You still need thousands of kilograms of natural metallic uranium, which is a rare heavy metal with few commercial uses and one really salient illegal one, or thousands of tons of uranium ore, which, see previous. It's hard to buy this stuff secretly, because not many people have it, and people who do have it have a big, salient, vested interests in not selling it to people who want to make nukes! It's not like selling drones to Saudi Arabia and saying "oh well guess it'll suck to be a Houthi". You might get nuked!

Nation-states can pull this off, since they have both land and state security apparatuses. Empirically, private groups or terrorist cells haven't been able to do it. The rumors I've read and the impression I've received is that AQA spent decades trying, lost a lot of lieutenants and trucks full of cash to CIA honeypots, and eventually gave up. Too hard, too expensive, too many dead ends and entrapment schemes.

Is enriching uranium in the US actually illegal? Seems like the answer is no.
The Atomic Energy Act put a licensing requirement on all civilian use of nuclear materials, in this case for uranium concentrations above what is found in nature.

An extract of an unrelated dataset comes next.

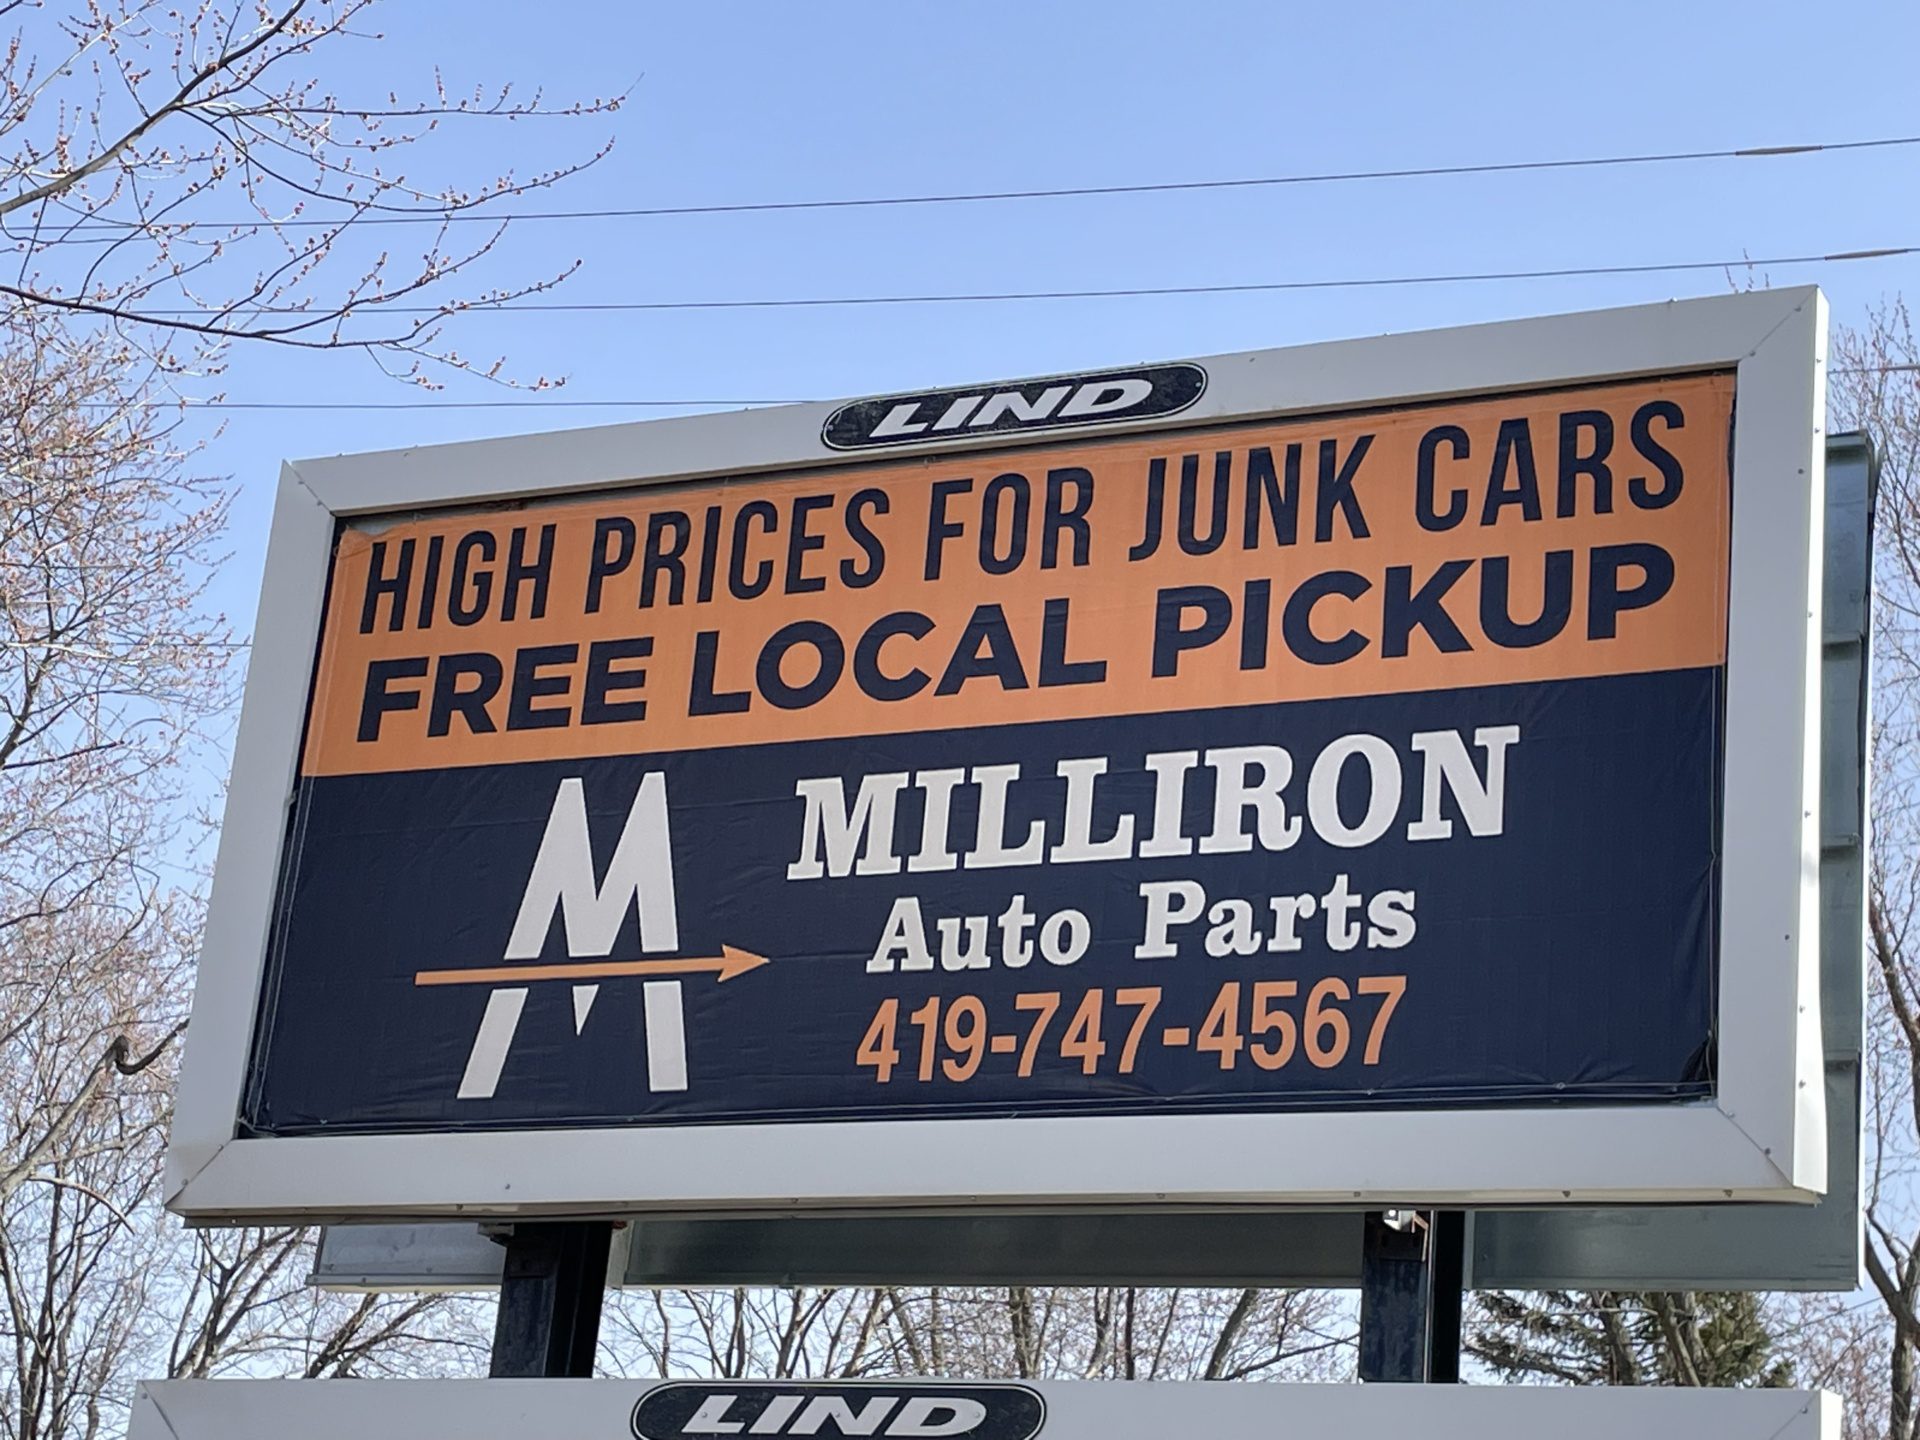 Milliron, auto parts, recycle, junk cars, free local pickup, pull and save

Enriching is definitely in this category.

To enrich uranium legally in the US you would have to get a license by justifying why you were doing it and there are not many legitimate reasons to do so outside slightly enriched uranium for power plants or highly enriched for a few medical isotopes.

But if you just decide to do it, yes it’s illegal and the NRC will probably find you.

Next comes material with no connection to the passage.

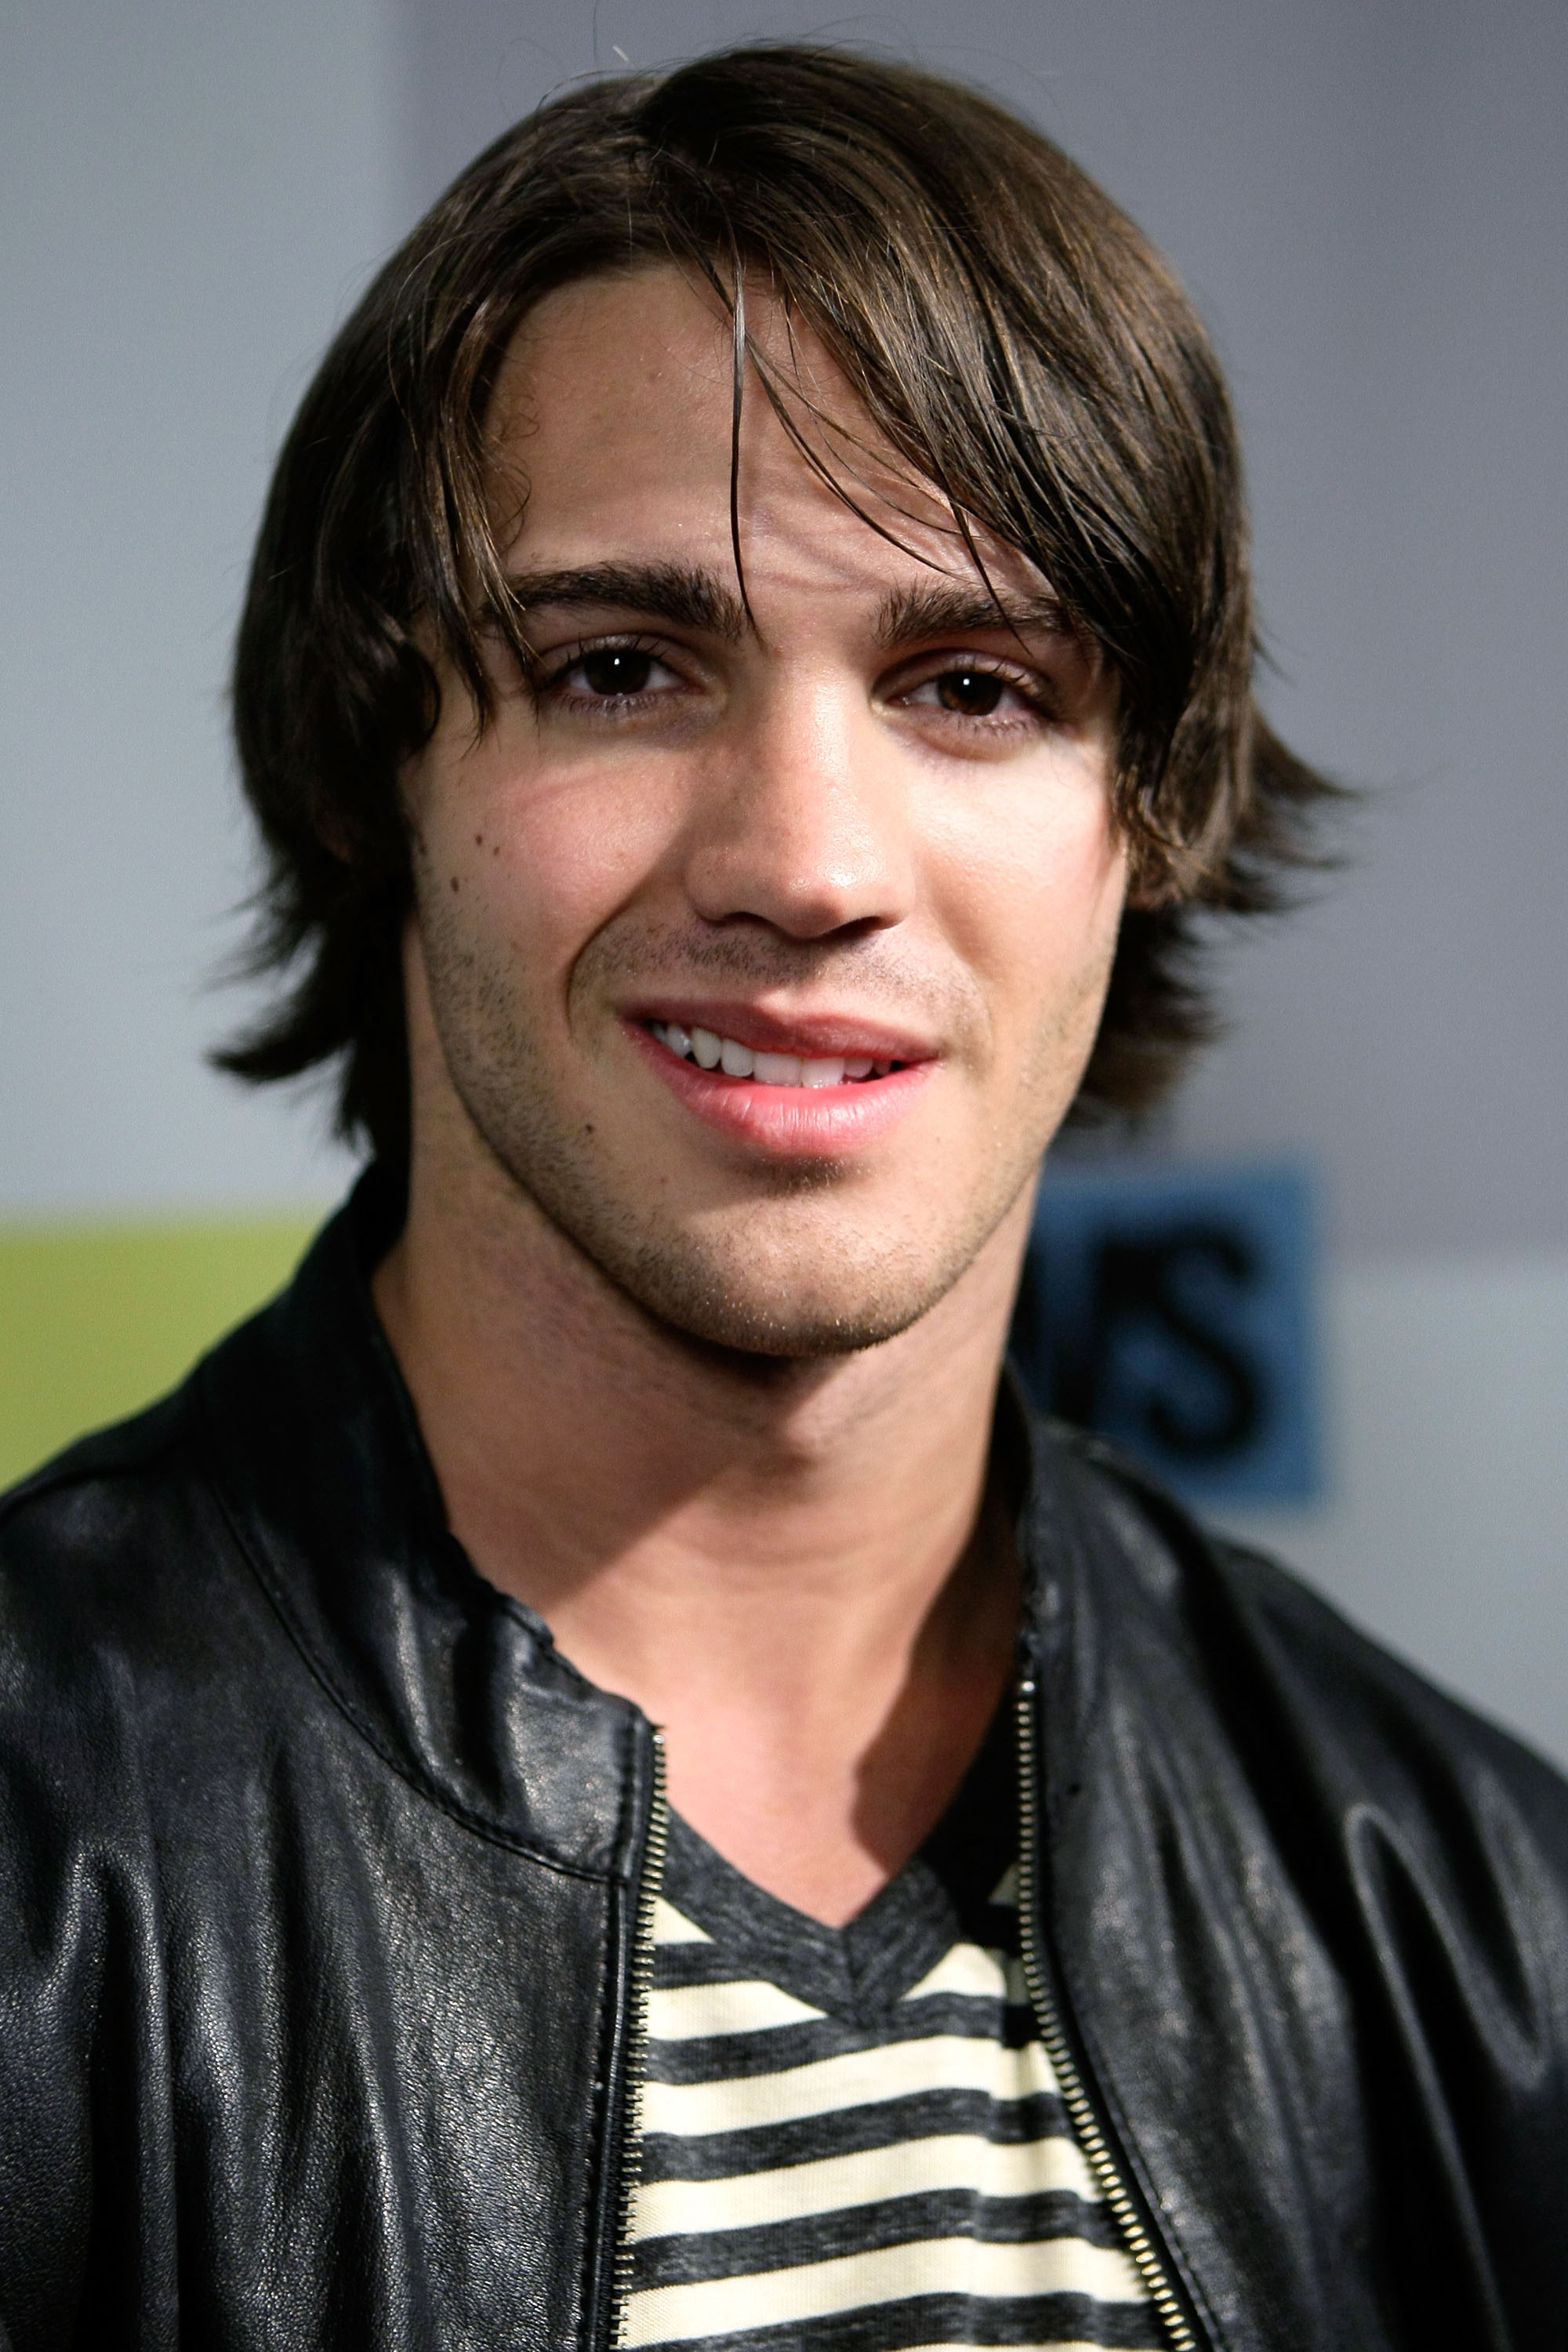 Steven R McQueen attends day 3 of Comic-Con in San Diego, California on July 24, 2010 | Photo: Getty Images

https://www.nrc.gov/about-nrc/governing-laws.html#aea-1954

I would be interested to see what you’ve read to lead you to that conclusion.
Well, after much searching I didn't find the parts of the Atomic Energy Act that required certification for any and all materials processing.

By default things are legal.

I've also spoken with scientists who do research that, at times, abuts nuclear science, and have heard stories of them just... not doing paperwork because it's annoying.

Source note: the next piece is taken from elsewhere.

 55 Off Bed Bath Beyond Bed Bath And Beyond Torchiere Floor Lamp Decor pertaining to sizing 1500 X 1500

>Is this still true in the 2020s?

The laws of physics haven't changed in 80 years. Even if you started with yellow cake uranium (~70% enriched, and itself already nearly impossible for a non-state actor to acquire), to reach weapons grade at >95% you'd need hundreds of tons of it, and massive industrial scale chemical facilities to convert that into uranium hexafluoride and pull out the U235 isotopes [0], where the ratio of U235 to U238 (the non-fissile isotope) is 99:1. The vast majority of the Manhattan Project was in the engineering challenges required to do this, not really in the construction of the bomb. So far, only 5 countries in the world have been able to do it.

[0] https://web.evs.anl.gov/uranium/guide/uf6/index.cfm#:~:text=....

> So far, only 5 countries in the world have been able to do it.

I think you’re a tad optimistic there - sadly we have many more than 5 nuclear powers today.

5 countries have developed Uranium enrichment facilities.
Argentina, Brazil, China, France, Germany, India, Iran, Japan, the Netherlands, North Korea, Pakistan, Russia, the United Kingdom, and the United States

There’s the list of “known” meaning publicly acknowledged countries with operating enrichment facilities, more than 5.

Notice it doesn’t include Israel which more or less everyone believes has nuclear weapons meaning enrichment facilities. There are several other countries which are very reasonably believed to have or have had enrichment programs.

South Africa had at one time.
I was thinking more that the industrial production has increased 10x in 70 years. Private companies can now build rockets that go to space...
Private companies could indeed do it. Heck, the mining and refining part is probably done by private entities these days. However, the only legal customers are nuclear power plants and governments.
The process has gotten a bit more efficient, but it still is nothing that can be run effectively in a garage. We are talking about separating not two elements, but two isotopes that behave chemically indentical and just differ in mass by 1.3% of the weight of the heavier one.

Another possibity is building a breeder reactor first to breed Plutonium.

Also, where to get Uranium ores in the first place? You can be sure that governments keep close tabs on who takes funny stones out of certain mines.